Convolution Neural Networks (CNN)s have a hierarchical structure with multiple hidden layers to help translate a data sample into a set of categories. Such models consist of a number of different types of layers such as convolutional layers, pooling layers and fully connected layers. The temporal domain is introduced as an additional dimension in the case of videos. Since CNNs were originally designed for static image processing, it was not initially clear on how to incorporate motion information. Therefore, most research at that time used CNNs on still images to model appearance information for action recognition [ 165 ]. Thereafter, different ways were proposed to utilise motion information for action recognition. An extension was presented by [ 169 ] where stacked video frames were used as an input to a CNN for action recognition from video. However, the experimental results were worse than hand-crafted feature based approaches. An investigation made by [ 32 ] about this issue and developed the idea of having separate spatial and temporal CNN streams for action recognition.

Figure 1 illustrates the spatio-temporal CNN streams similar to [ 32 ] where the two streams are implemented as independent CNNs. One stream was the spatial stream which recognised actions from static images. The other stream was the temporal stream which recognised actions from stacked video frames based on motion information of dense optical flow. The output of the two streams was combined using a late fusion technique. The experiments showed improved performance for this method compared to hand-crafted feature based approaches. However, this type of architecture has additional hardware requirements to be suitable for a variety of applications.

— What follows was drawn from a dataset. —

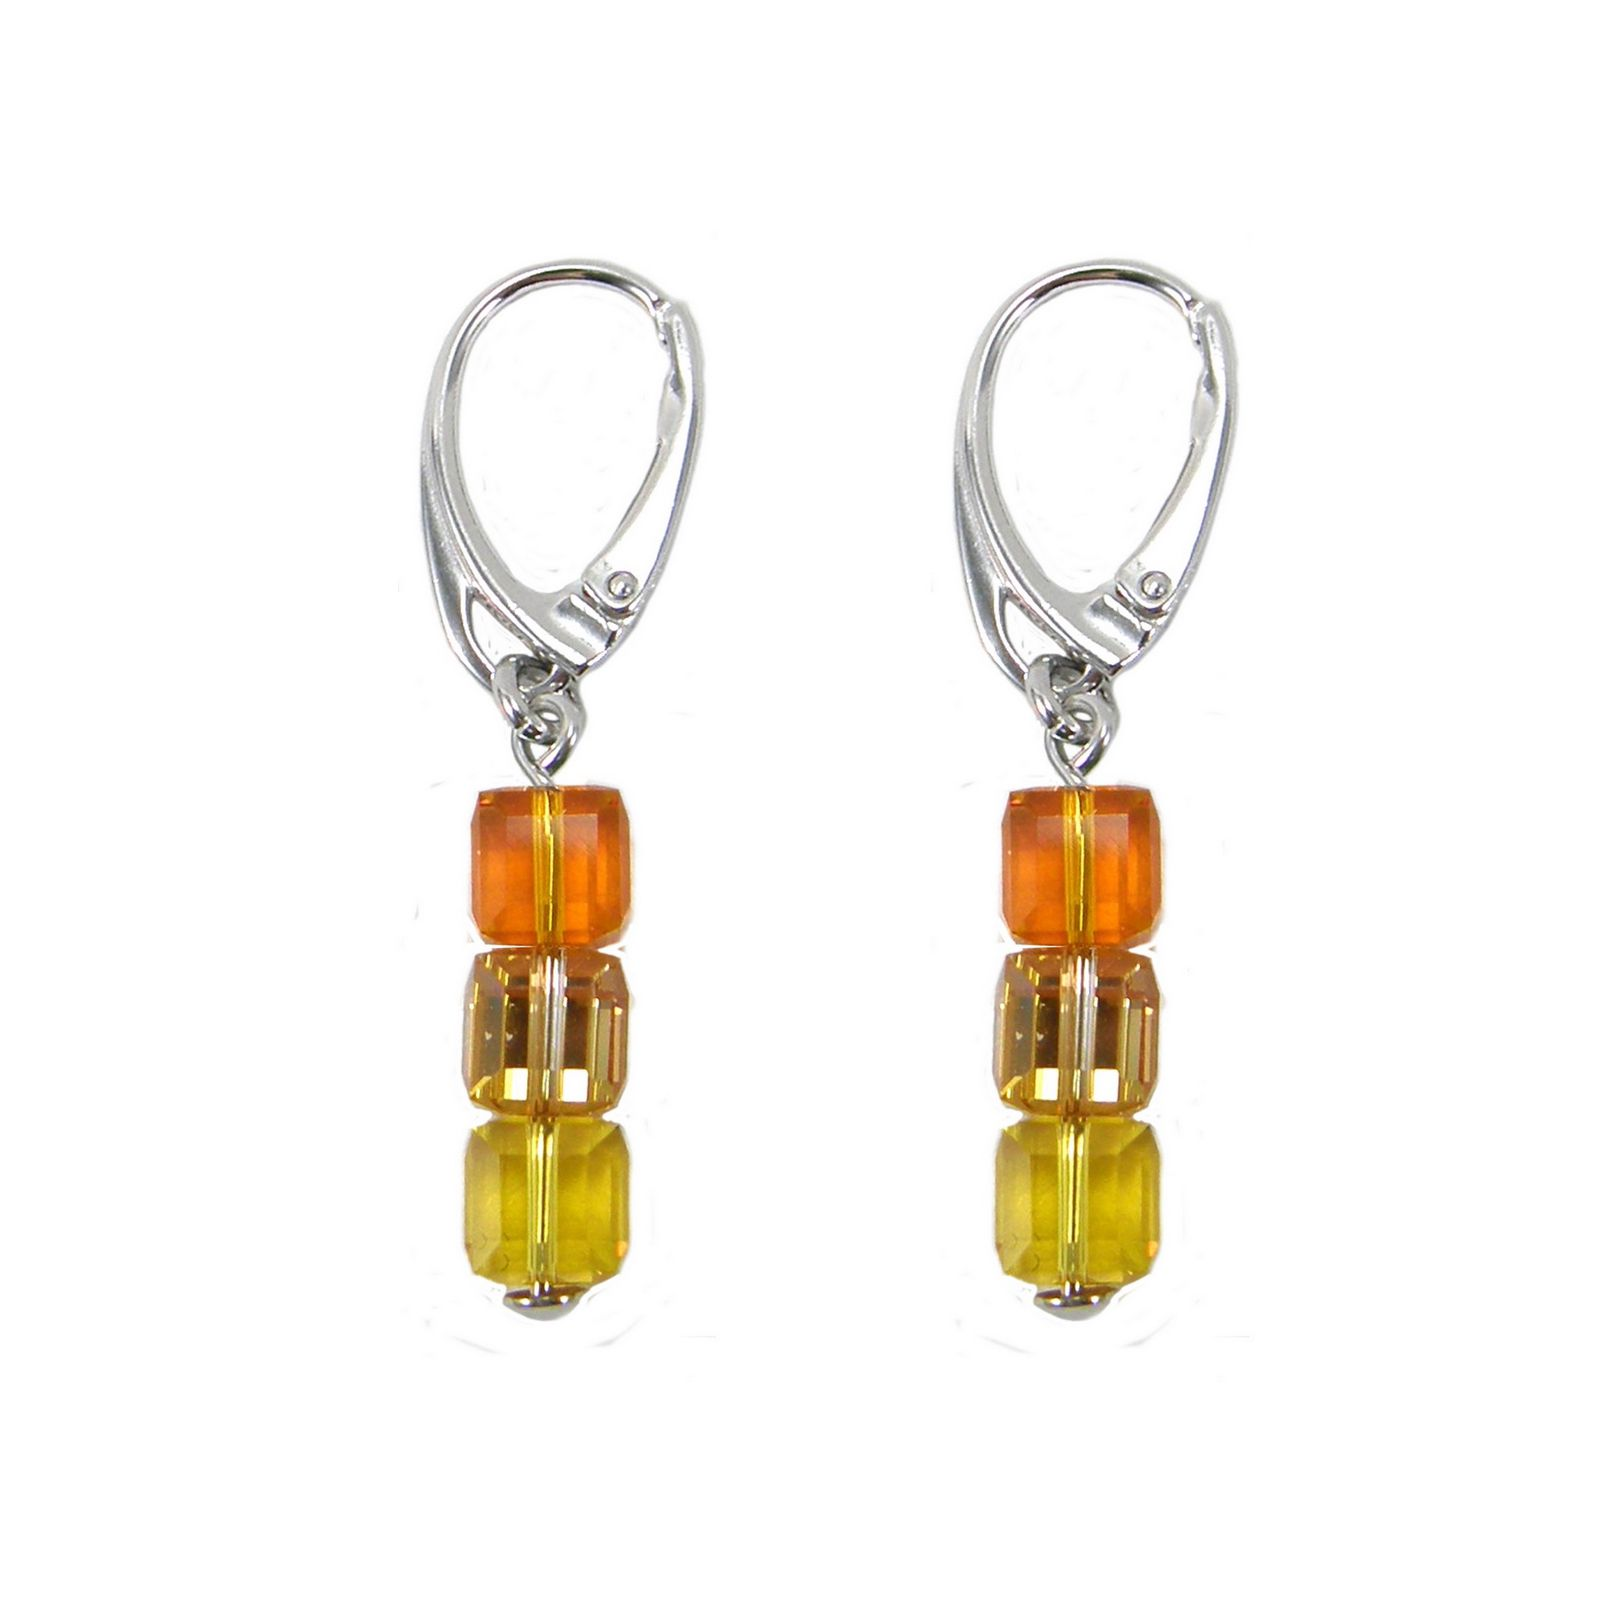 Boucles d'oreilles Indicolite Pixel 3 Carré en argent et cristaux Swarovski jaunes et oranges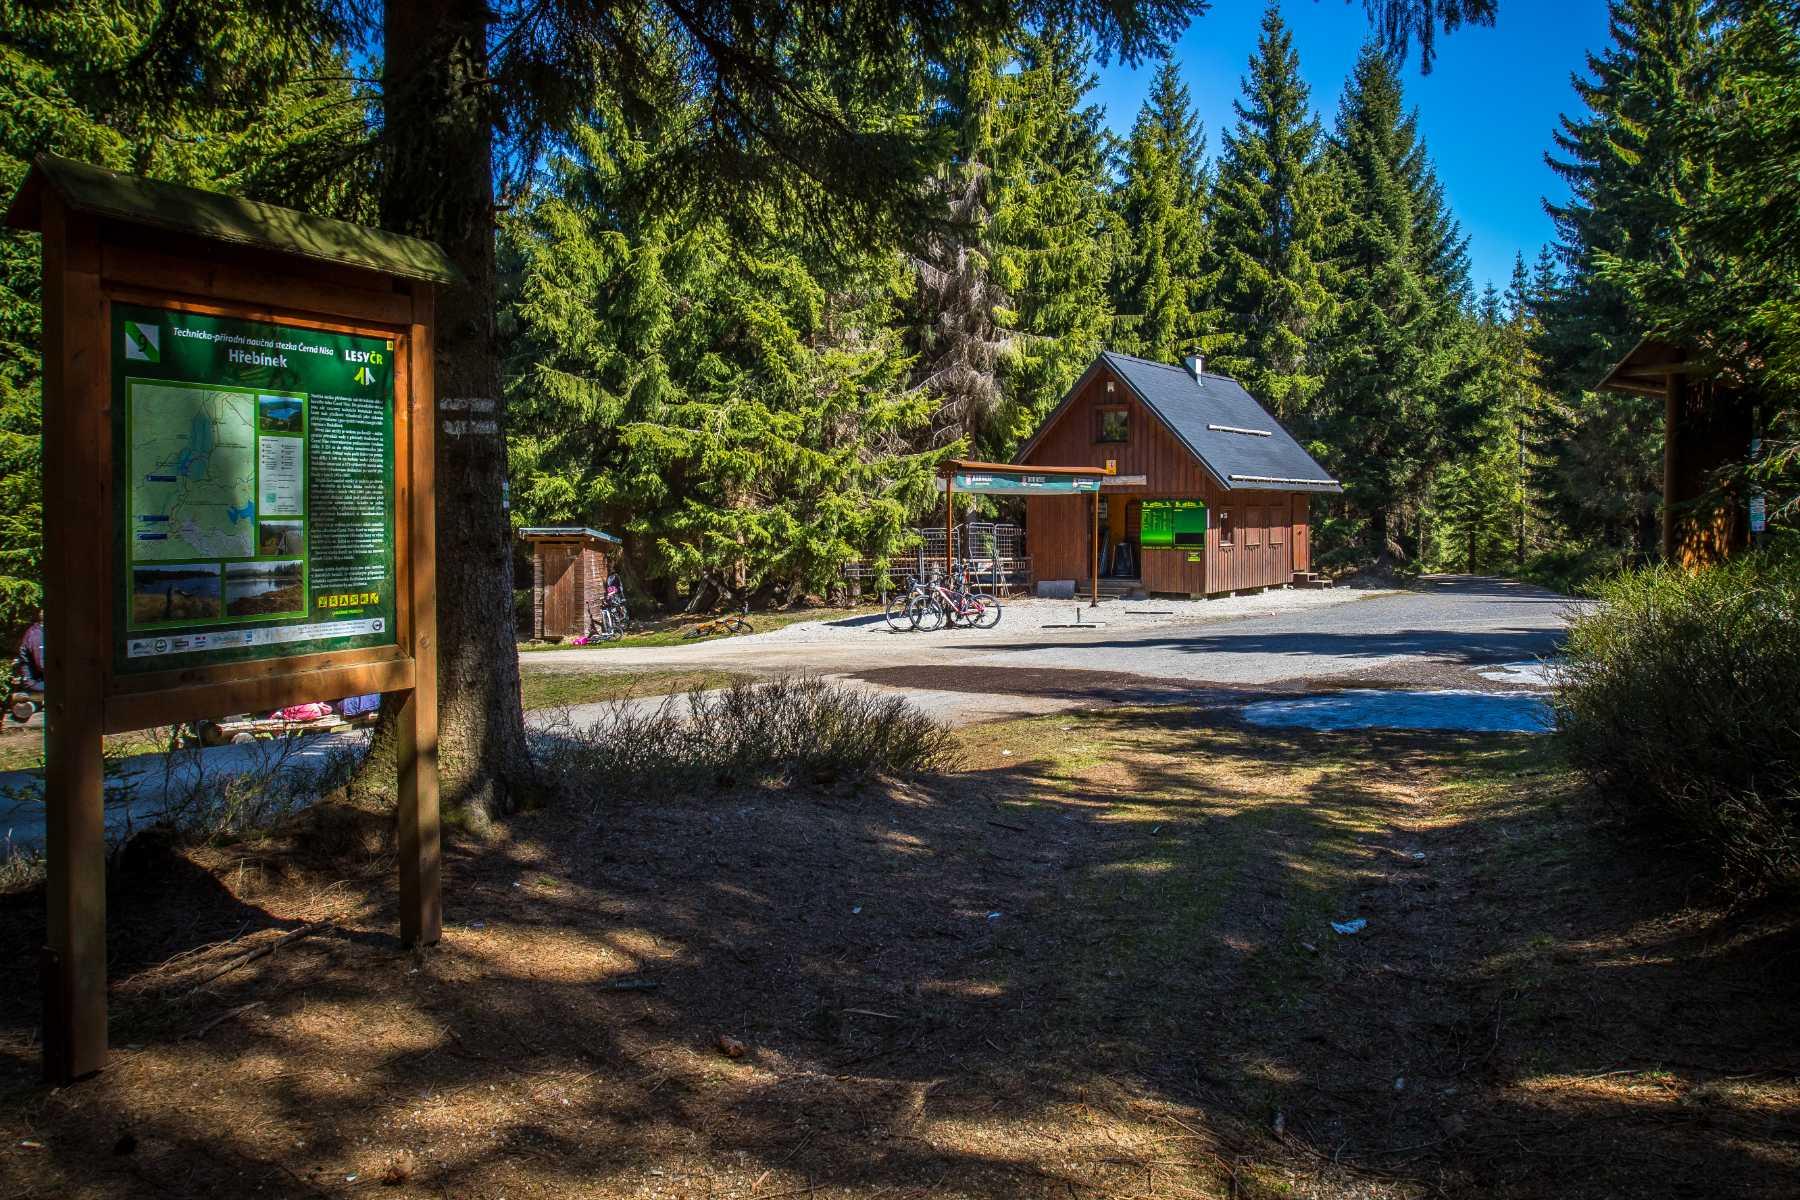 Hřebínek - dřevěný stánek s občerstvením v Jizerských horách - oblíbené místo turistů, cyklistů i běžkařů

An external file that holds a picture, illustration, etc.
Object name is jimaging-06-00046-g001.jpg

Illustration of the spatio-temporal CNN streams as used by [ 32 ]. Here, the input data are split into two streams, one for the individual apperance based raw frames. The other for the temporal information corresponding to an optical flow stream. The two streams are fused at the end with class score fusion.

A lot of research on action recognition is based on works that have previously achieved relatively good performance in image classification problems. Recent works extended what was implemented in two dimensions to 3D to include the temporal domain. Most CNN models proposed for action recognition have been limited to deal with 2D input data. Nonetheless, some applications may include 3D data that requires a specialised deep learning model. To this end, 3D Convolution Neural Networks (3D-CNNs) based models were presented by [ 40 ] for surveillance tasks at airports. Spatio-temporal features were automatically utilised by employing 3D convolutions in the convolutional layers with respect to spatial and temporal dimensions. The experimental results demonstrated superior performance for this method in comparison to other state-of-the-art methods.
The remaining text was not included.